Her mentor gestured for her to sit back down.
“Have breakfast first, Amelia,” she said. “Breakfast is the most important meal of the day, you know.”
Amelia hesitated before sitting back down. Her mentor handed her an apple off a napkin beside her plate.
As Amelia bit into its sweet flesh, Dr. Yamamoto drained her coffee cup and poured more steaming brew from a carafe on the table.
“Tell me how things are going,” Dr. Yamamoto said, ripping open a sugar packet. “Tell me about testing the Sea Walker. And your work. How’s it progressing?”
The two sat quietly, discussing Sea Lab projects, for 15 minutes or so before heading toward Dr. Yamamoto’s office.
At that point, Amelia was near bursting.
“You know what it looks like he’s doing, don’t you, Dr. Yamamoto?” Amelia asked excitedly when the door to Dr. Yamamoto’s office finally slid closed behind them. “It looks like he’s working for the American Commonwealth. It looks like he’s doing weapons research.”
Dr. Yamamoto stood beside the desk, the fingers on her right hand resting lightly on its smooth surface. Amelia collapsed into the visitor’s chair across from her.
“It does appear that way, Amelia,” she replied with a short nod. “And I appreciate you looking into the matter for me.”
Amelia waited, but her mentor didn’t continue.
“So that’s it?” Amelia asked. “You’re not going to do anything about it?”
“I will certainly look into it.” Yamamoto smiled slightly. “Dr. Hawkin and I have been co-workers for a long time. I will discuss it with him - tactfully - and get to the bottom of it.”

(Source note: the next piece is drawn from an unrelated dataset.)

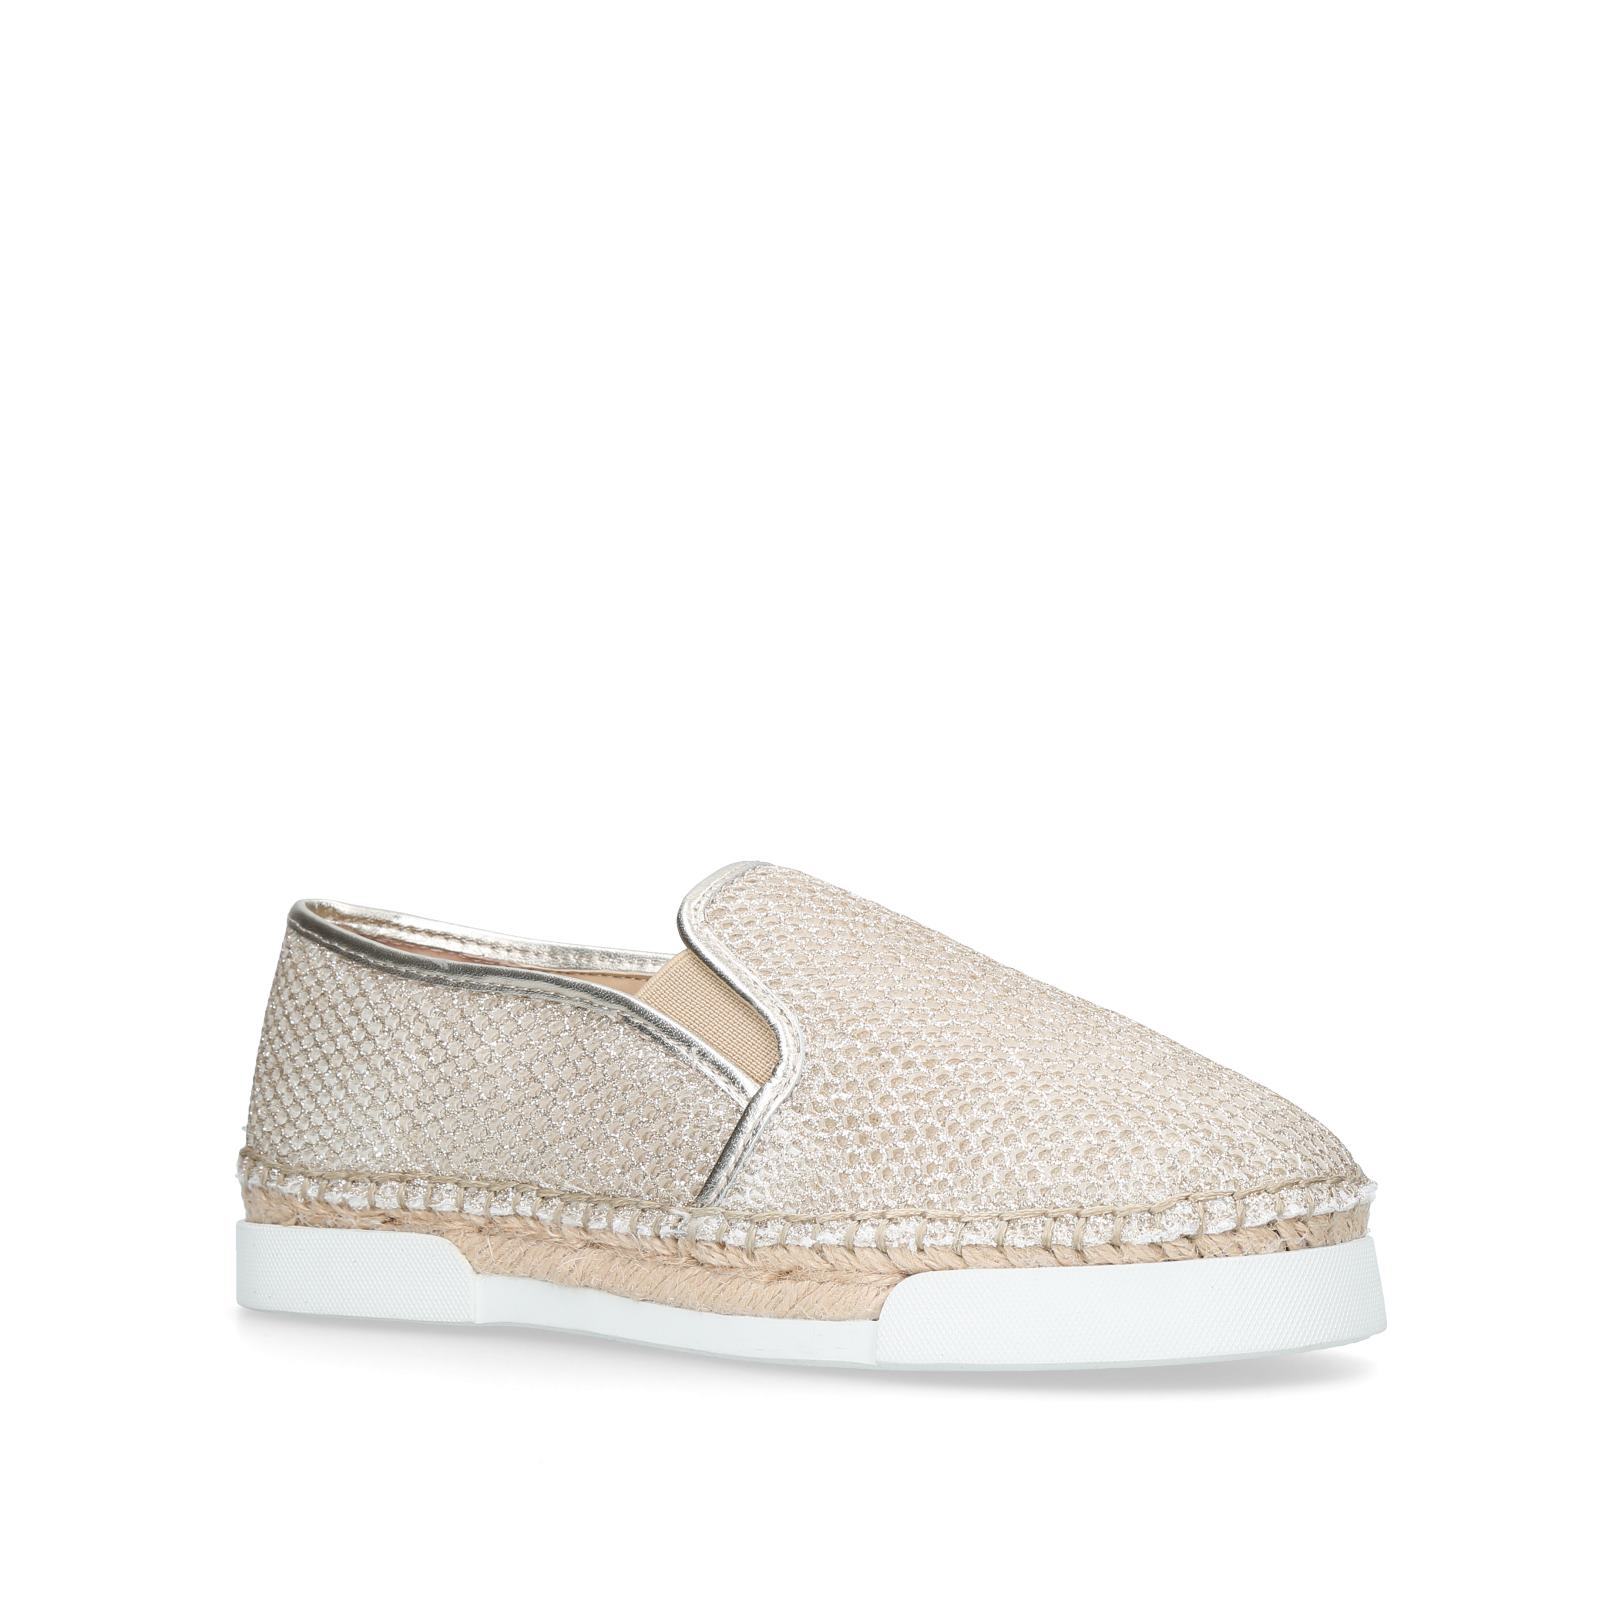 TAMBIE - VINCE CAMUTO Sneakers

“This is what you were talking about, isn’t it? This could affect the peace we’ve found in the world. There could be war…”
Amelia trailed off, disturbed at the thought.

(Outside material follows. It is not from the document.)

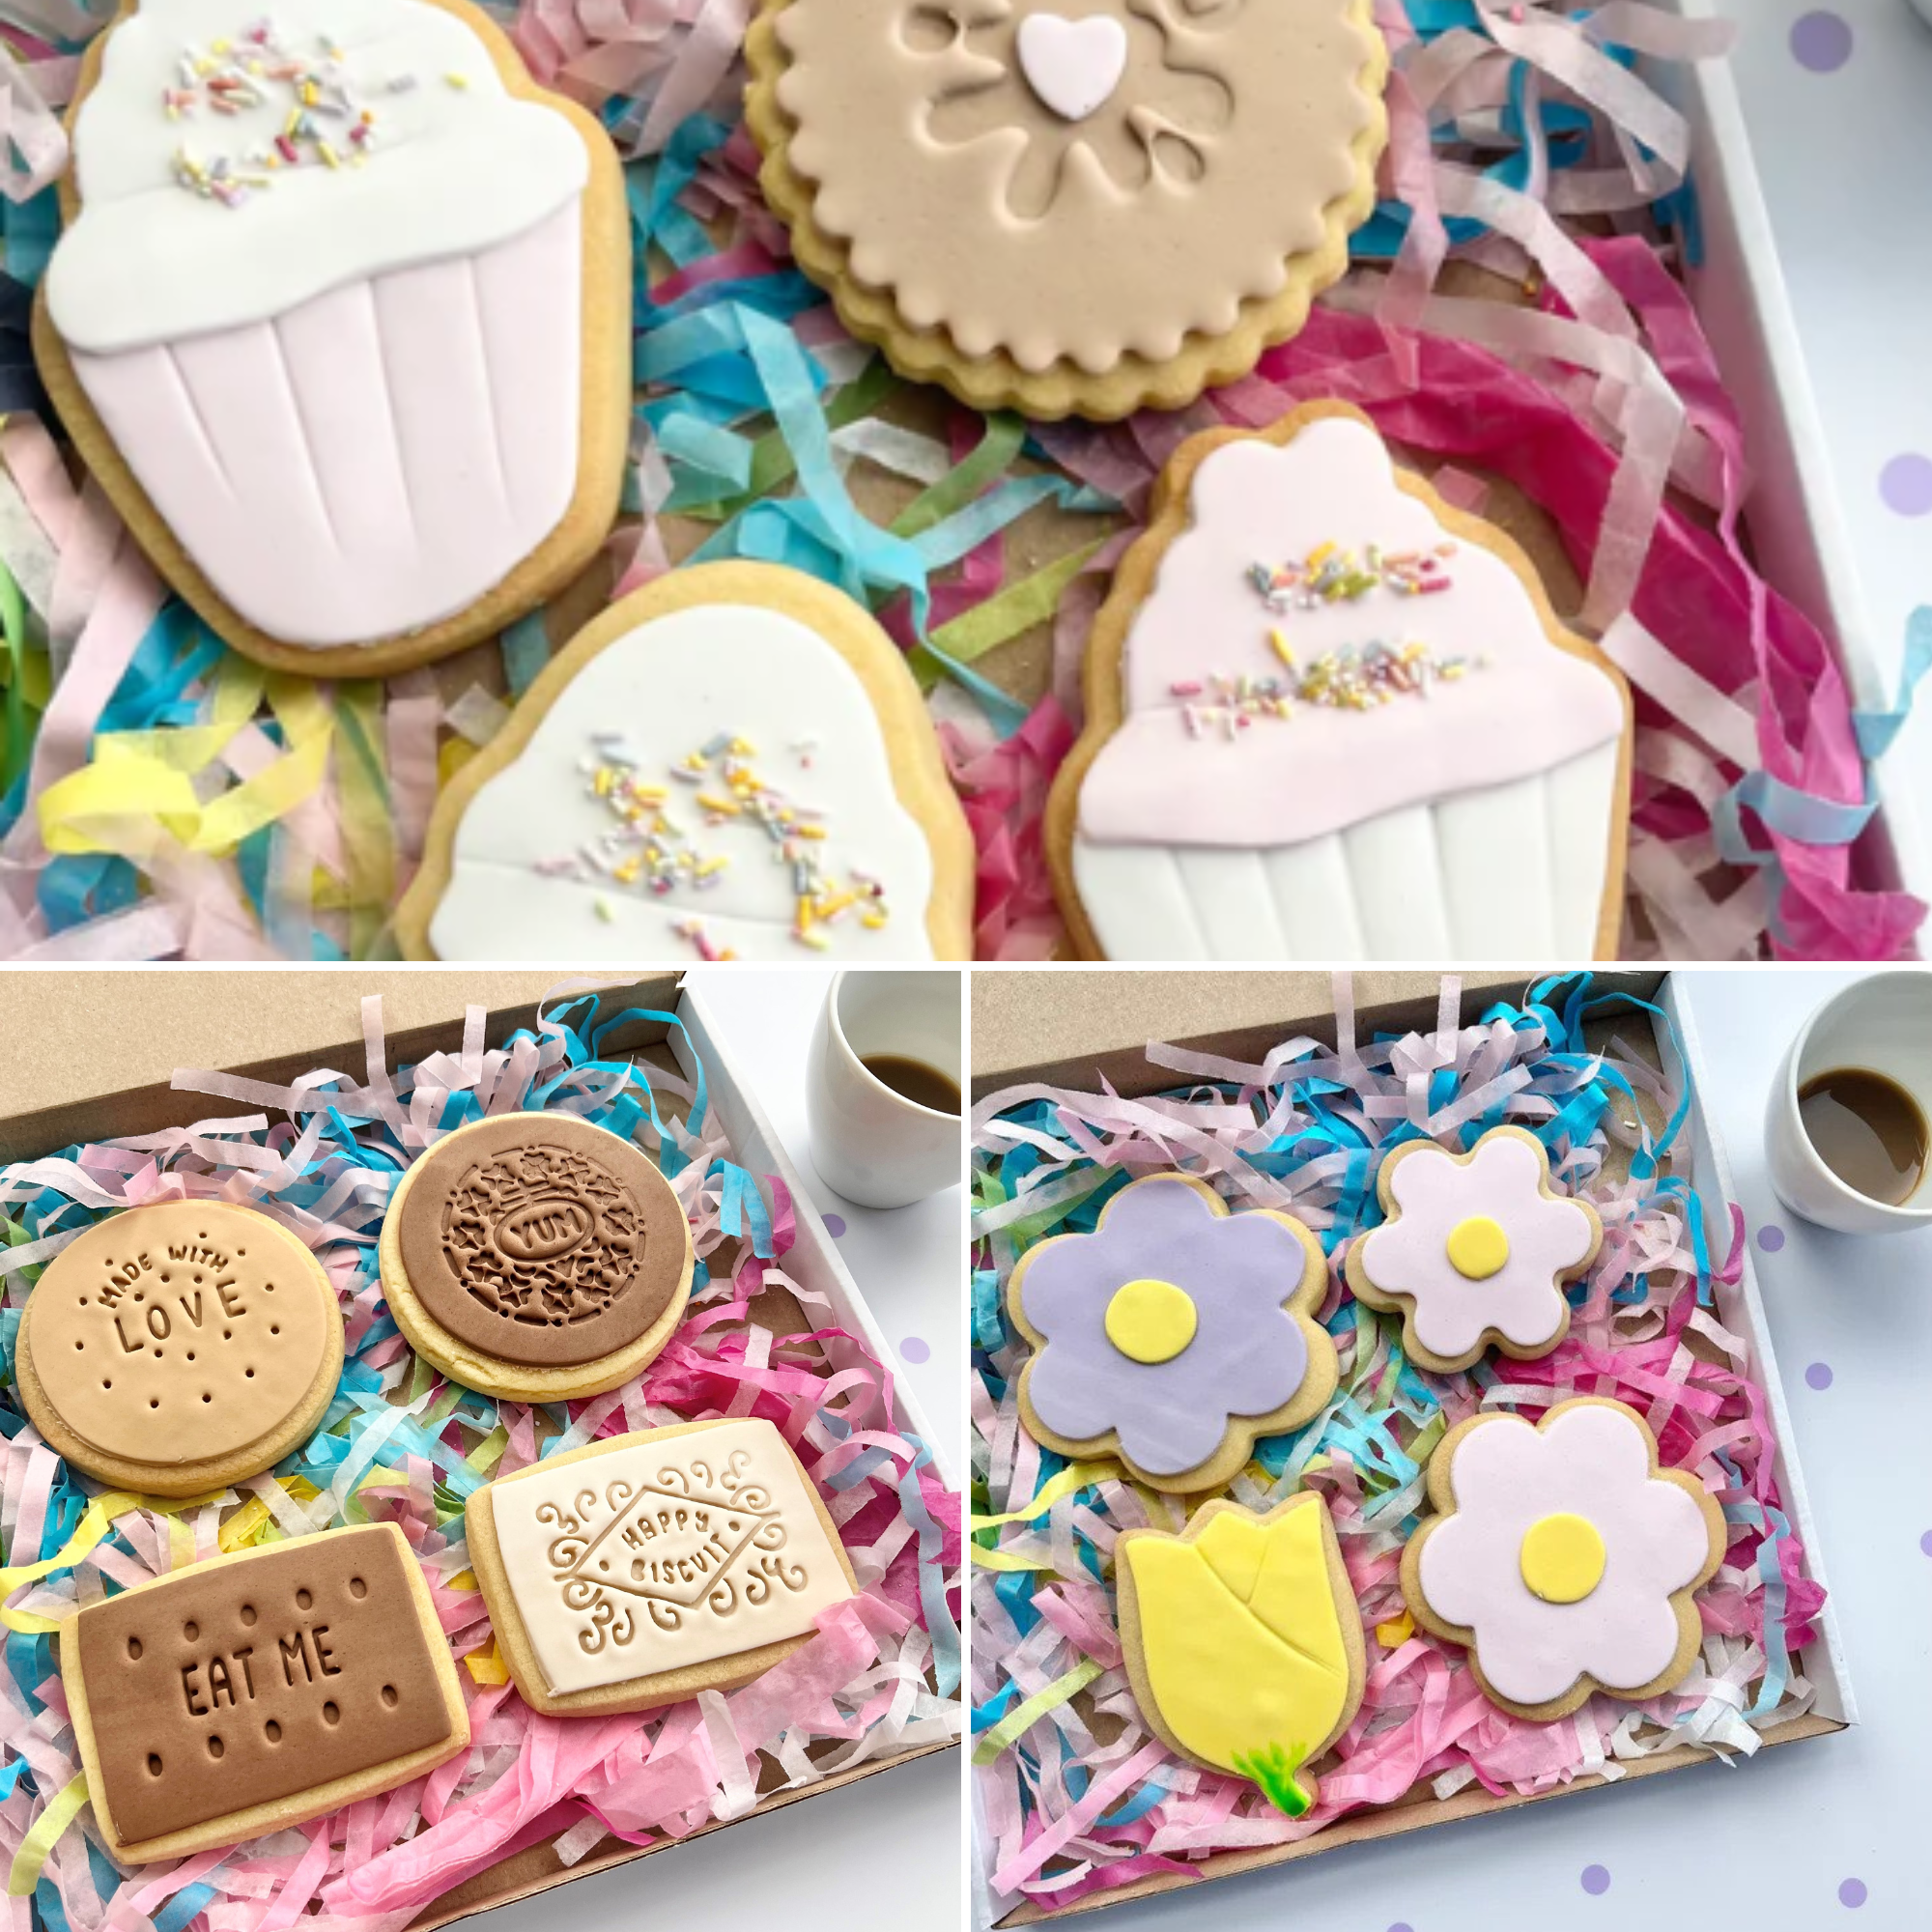 The Collection – The Bake Off Box

“I must ask you not to say anything to anyone else about this, Amelia. Those documents are between us.”
“Of course,” Amelia agreed.
“Now, there’s something else I need to talk to you about. That squid you found…”

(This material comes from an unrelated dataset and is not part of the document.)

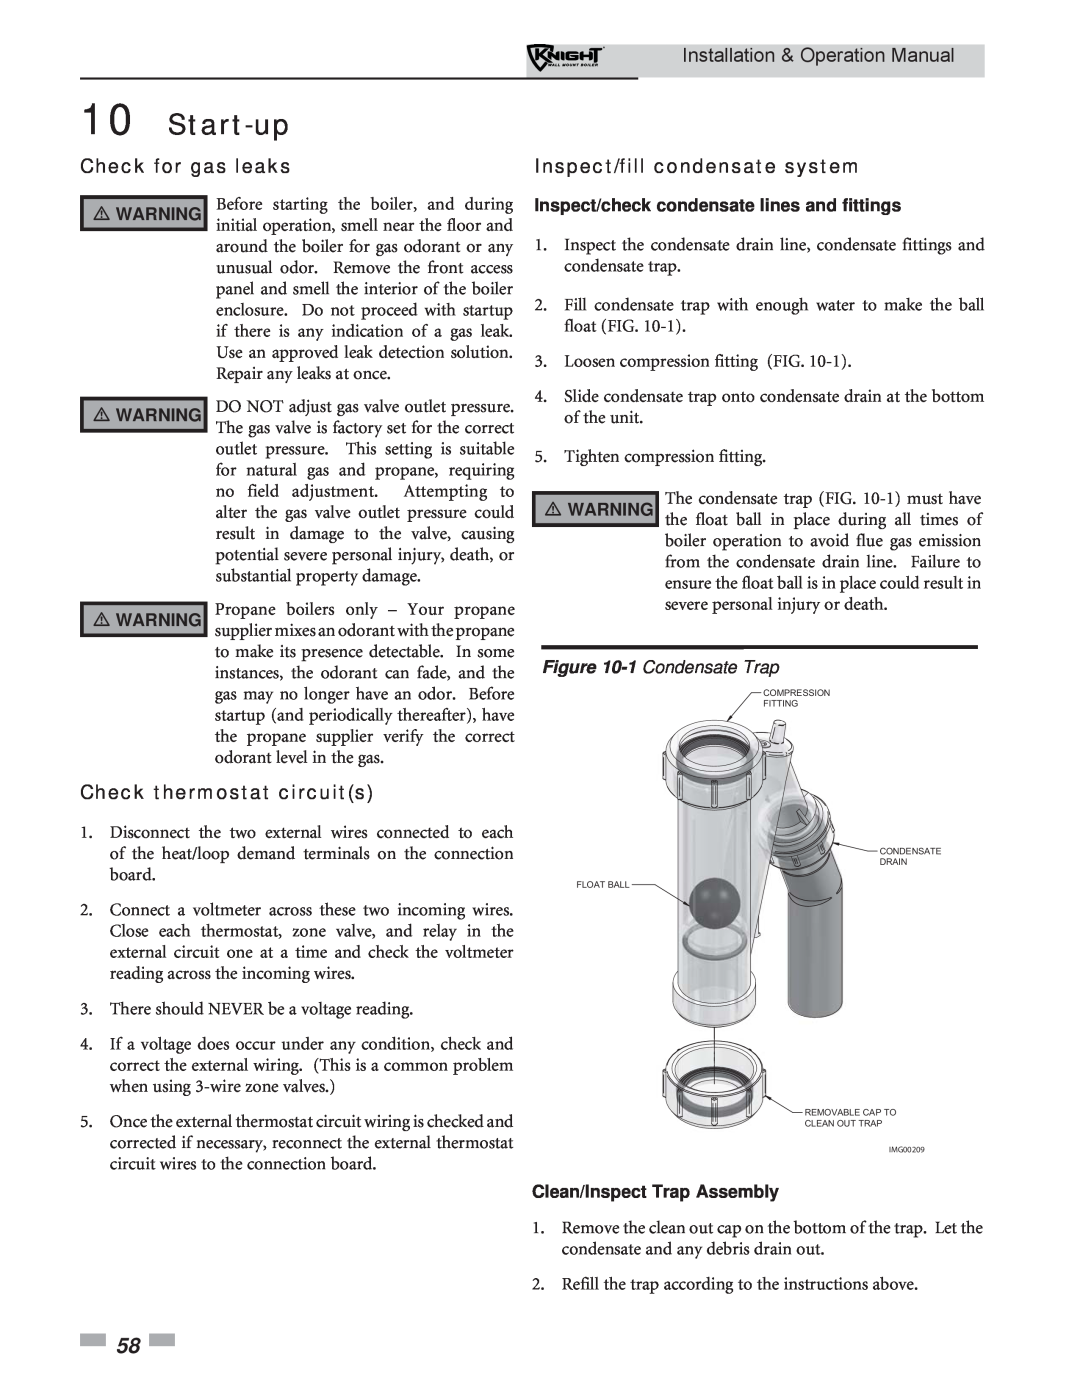 Lochinvar WH 55-399 Check for gas leaks, Inspect/fill condensate system, Check thermostat circuits, 1 Condensate Trap

Amelia shifted in her chair. She couldn’t believe Dr. Yamamoto’s nonchalance. Why had she asked her to look into the matter of Dr. Hawkin’s side project if she was going to be so casual about it?
“What about it?” Amelia asked.
“I told Dr. Hawkin I would take care of it.” Dr. Yamamoto paused and leaned her hip against the desk. “Taking care of it will require a trip to Guam. A meeting with UN officials.”
Amelia wasn’t sure what Dr. Yamamoto was suggesting.
“That sounds important,” she said.
“It is. And I’d like you to come along. You could learn a lot.” Dr. Yamamoto gestured at the dark window behind her - the ocean outside. “And I think it would be good for you to be aboveground for a while.”
“You want me to travel to Guam with you?”
Dr. Yamamoto’s tablet made a jinglin1g sound, like a phone ringing, and she picked it up.
“Yes,” she replied, distracted by whatever was on the screen. “We’ll leave tomorrow. Bring something nice to wear for the UN meeting.”
“I’ll be at the meeting?” Amelia asked, but Dr. Yamamoto had already turned her back on Amelia and was speaking into her tablet, replying to the message she’d received.
Amelia took the hint.
As she walked back toward her dorm, a thrill of excitement coursed through her at the thought of seeing the sky again. The brilliant blue sky. And feeling the warmth of the sun.
Closing her eyes, she leaned against the wall in the cold hallway.
She hadn’t realized how much she missed “aboveground.”